I guess that by now you know that I am really a perl and mod_perl fan.
As far as perl is concerned, as a programming language : there are people who like it, and
others who don't, and it is quite pointless to try to convert the ones into the others.
But if what you want is a programming tool which allows you to do many different things
quickly - even things of which you initially know very little about - there is still no
real alternative to the conjunction of perl and the CPAN library.
> On 22.12.2020 06:49, Matthias Peng wrote:
> > Hello
> > I am developing a simple mp2 application.

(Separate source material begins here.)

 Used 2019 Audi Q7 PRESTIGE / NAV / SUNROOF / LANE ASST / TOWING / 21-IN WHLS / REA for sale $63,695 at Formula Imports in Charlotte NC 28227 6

> > I looked for the installation for mp2 utils, and found this two:
> > libapache2-mod-perl2
> > libapache2-mod-apreq2
> > what're their relations? Should I install both, or only the first one?

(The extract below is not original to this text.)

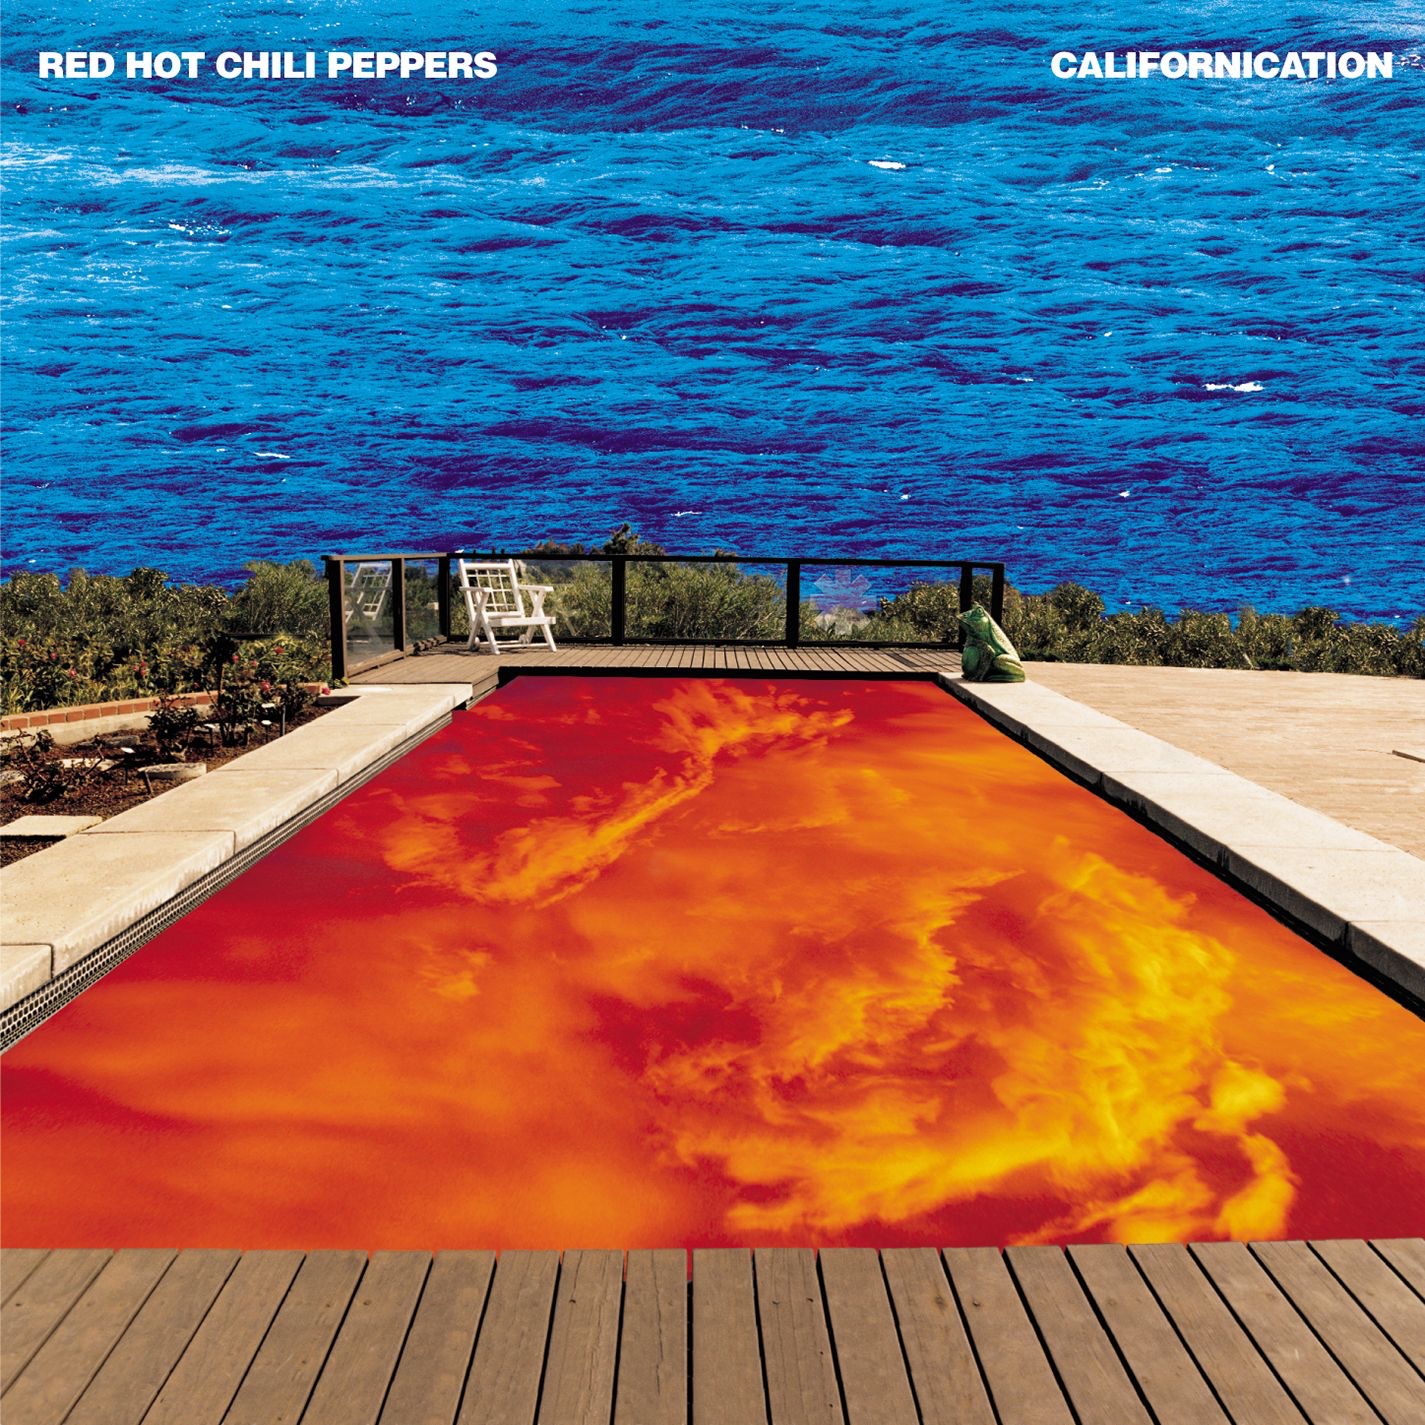 Red Hot Chili Peppers - Californication (Deluxe Edition)

> They are different and independent packages and module libraries, and you can use the one
> or the other, or both, depending on your needs.
> (We always install both, and we use both)
> For mod_perl per se, you need only the /libapache2-mod-perl2/ package.
> This gives you access to all the stuff documented here :
> *except* what is at the very end of that page :
> "Part VI: Related Modules" -> libapreq modules
> (this is what is contained in the separate /libapache2-mod-apreq2/ package)
> The documentation for libapreq is at :
> It may be a bit confusing at first, because both (independent) packages use some common
> namespaces ("Apache2::" and "APR::"), and because each of mod_perl and libapreq2 have
> their own form of "Apache Request object", named very similarly :
> - for mod_perl it is Apache2::RequestRec
> - for libapreq it is Apache2::Request
> (I guess that libapreq was first, that's why they got the better name ;-)
> I am a bit reluctant to try explaining the difference further (for fear of confusing you
> further), but here is a very rough summary :
> - to deal with 99% of what has to do with controlling what happens within Apache httpd in
> terms of processing HTTP requests (or just to run your perl scripts faster), use the
> mod_perl package.
> So install /libapache2-mod-perl2/ first, and start coding.
> - if you finds out later that you have to do a lot of processing of CGI parameters (the
> request "query string") or cookies, you can then install and use use the libapreq API
> which (among other things) provide an alternative to what the CGI module provides.
> In any case, there is a bit of a learning curve, but it is great fun and very powerful.